Een fluweelzwarte torpedo

Vechtlustig, snel, wendbaar, rank en slank. En tóch gaat dit niet over een Mirage, F16 of ander gevechtsvliegtuig. Het gaat in dit geval over een vis, wel even heel andere koek dus, ook al zie ik het verband tussen een Labeo bicolor en koek ook niet meteen. Hoewel… Het is bepaald niet altijd koek en ei met deze beestjes in de bak: laat er maar eens een los in uw aquarium.

Grote kans dat u, evenals ik, getroffen wordt door de schoonheid van dit dier. Het sierlijk gestroomlijnde lichaam is geheel zwart, met uitzondering van de felrode staartvin. Bij jonge exemplaren zijn de rug- en staartvin wit gezoomd, een tekening die na enkele maanden verdwijnt.
Deze tot de familie der Cyprinadae (karpers) behorende vissoort heeft sterk ontwikkelde lippen, die met hoornige puntjes zijn bezet. Zowel aan de boven- als aan de onderkaak van de onderstandige bek bevinden zich een paar baarddraden.

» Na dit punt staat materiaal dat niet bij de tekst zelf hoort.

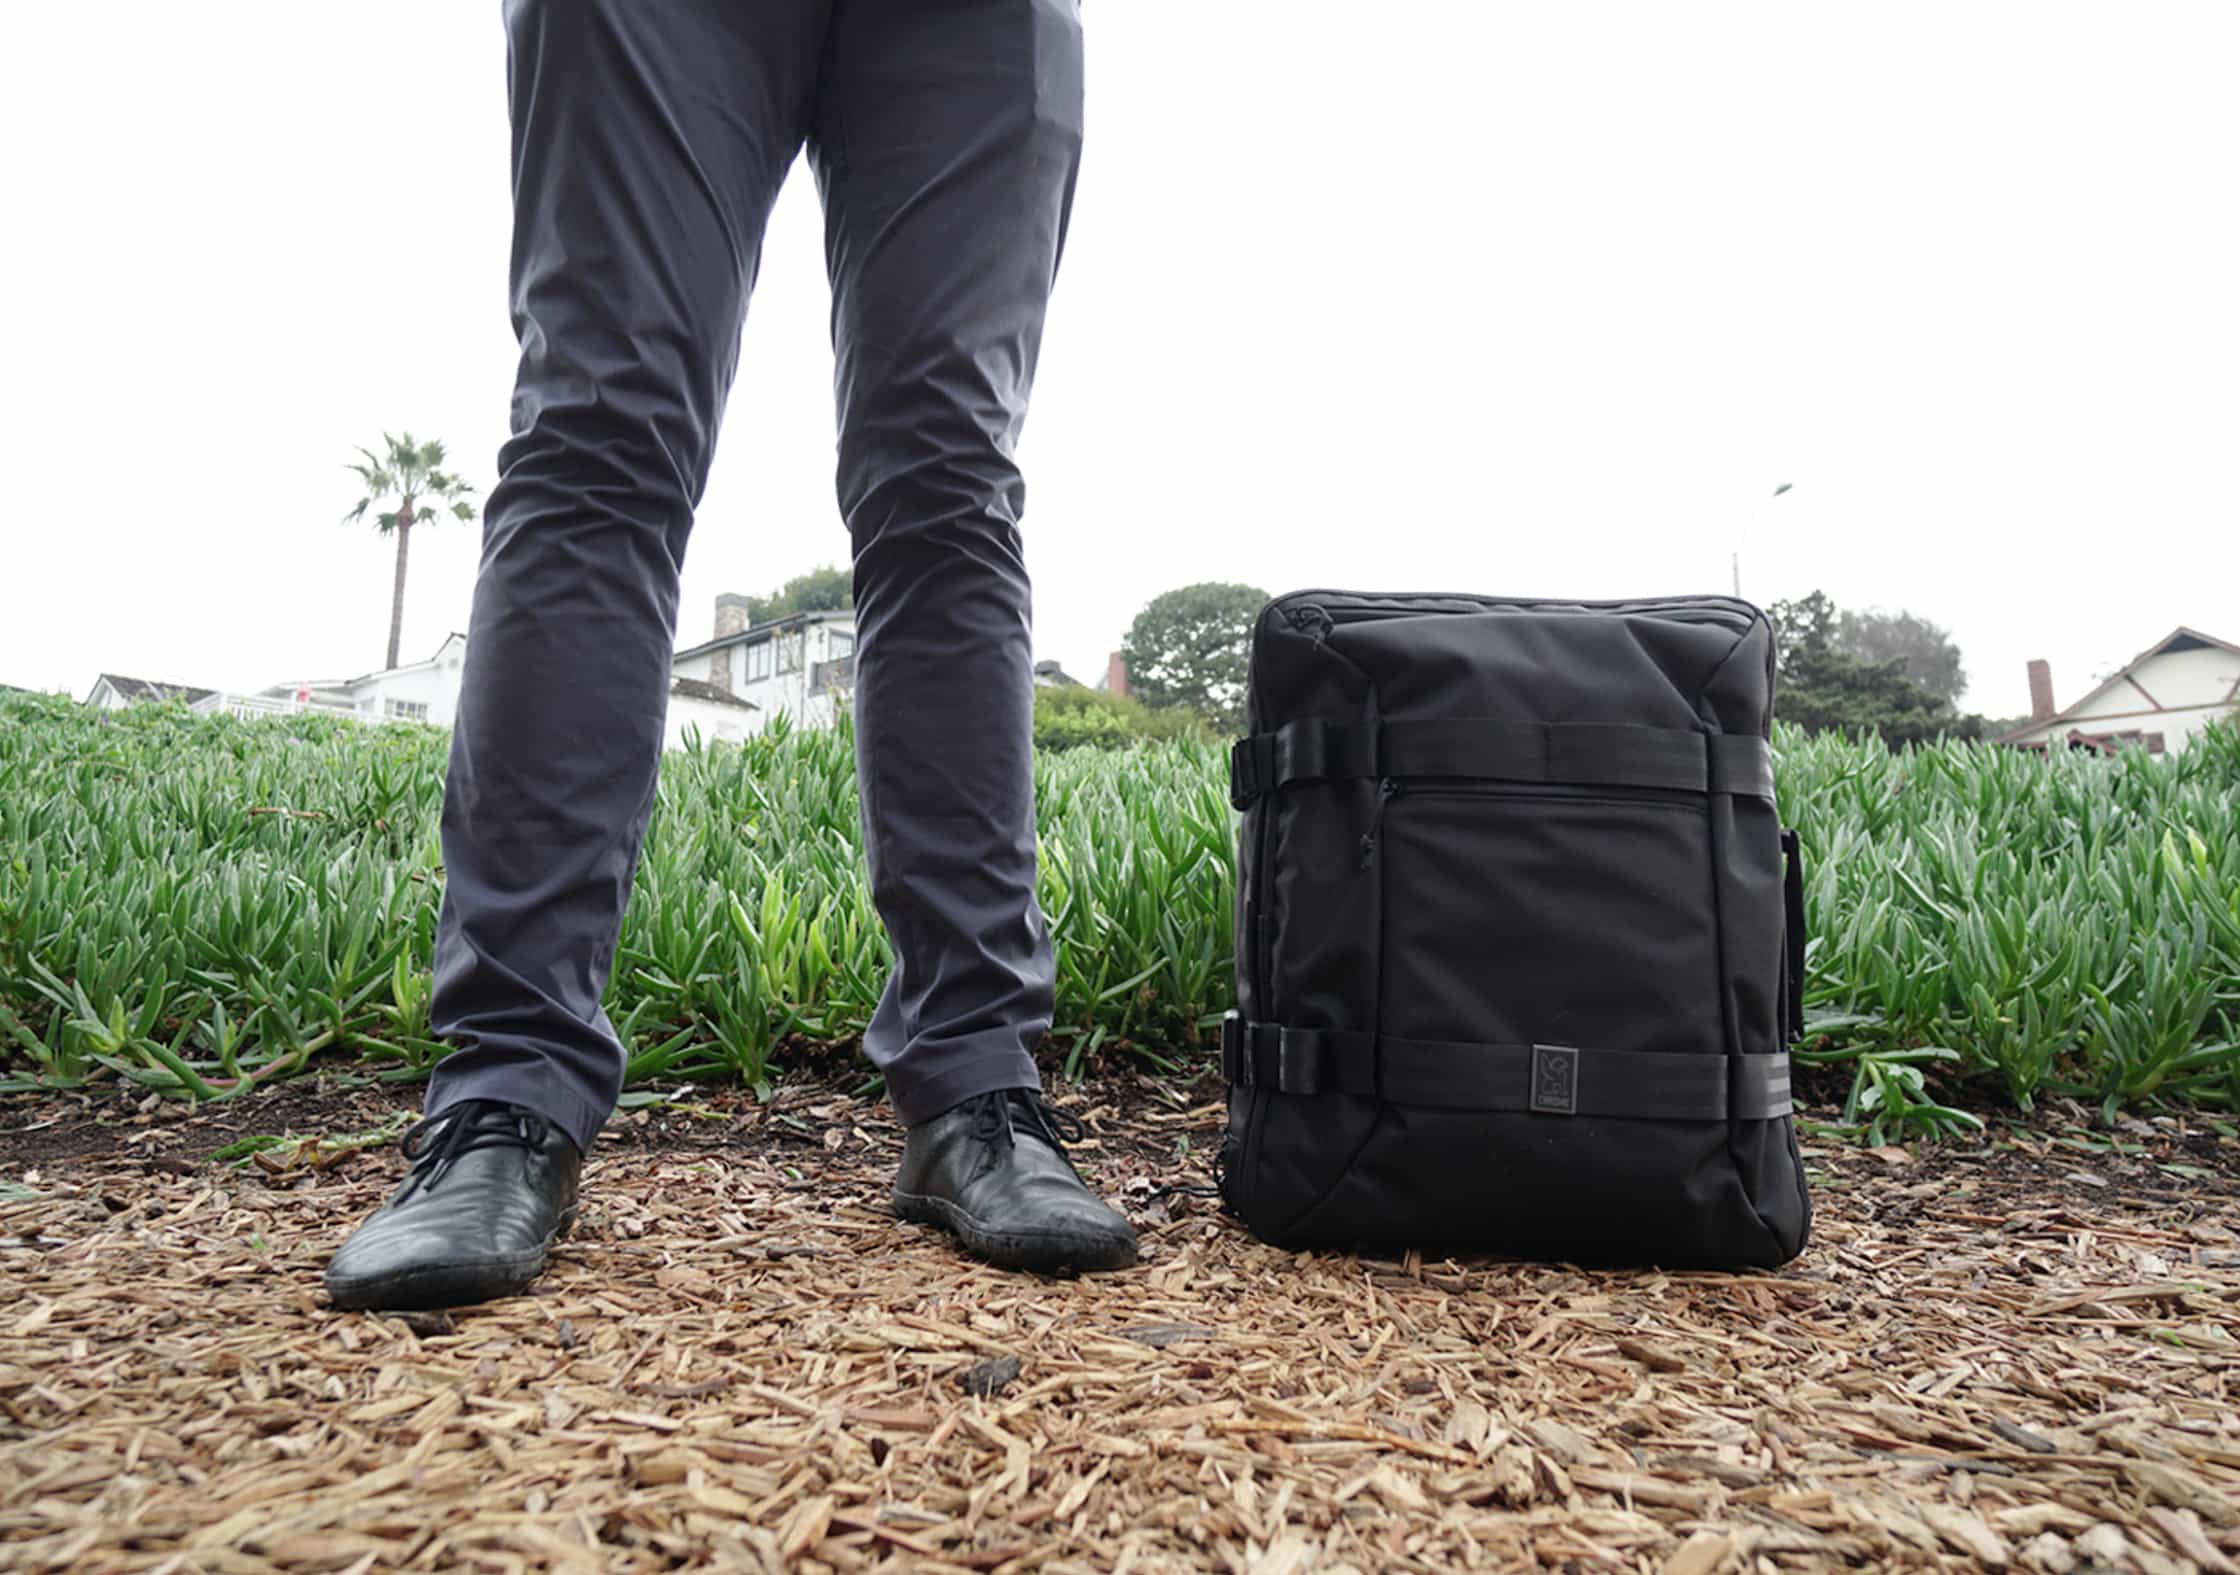 Chrome Macheto Travel Backpack Usage

De naam van deze vis is geheel gebaseerd op de zojuist beschreven meteen in het oog springende kenmerken. Labeo betekent lip, bicolor tweekleurig. De felrood gekleurde staart gaf in Nederland aanleiding hem vuurstaart te noemen.

Rangorde door lichaamskracht

Het geslachtsonderscheid is moeilijk te bepalen. Aangenomen wordt dat de vrouwtjes zich door een meer gebogen buikprofiel van de mannetjes onderscheiden. Ook zijn er dieren waargenomen met donkere vlekken boven de borstvinnen, waarbij is opgvallen dat de forsere vissen doorgaans slechts één zo’n vlek tonen, terwijl meerdere vlekken werden gesignaleerd bij de in het algemeen kleiner blijvende dieren.

Wie echter het gebruikelijke ‘paartje’ koopt, zal spoedig vaststellen dat de één harder groeit dan de ander, wat niet het gevolg is van verschil in sekse, maar hoort bij rangorde door lichaamskracht. De sterkste vis is de grootste, de zwakste de kleinste. De regeling van deze volgorde kan gepaard gaan met hevige gevechten. Zijn de gezagsverhoudingen eenmaal duidelijk, dan nog laat de sterkste de zwakste niet met rust. Het dominerende dier zal voortdurend laten merken wie er de baas in huis is. De zwakste is daardoor bepaald geen prettig en doorgaans ook geen lang leven beschoren.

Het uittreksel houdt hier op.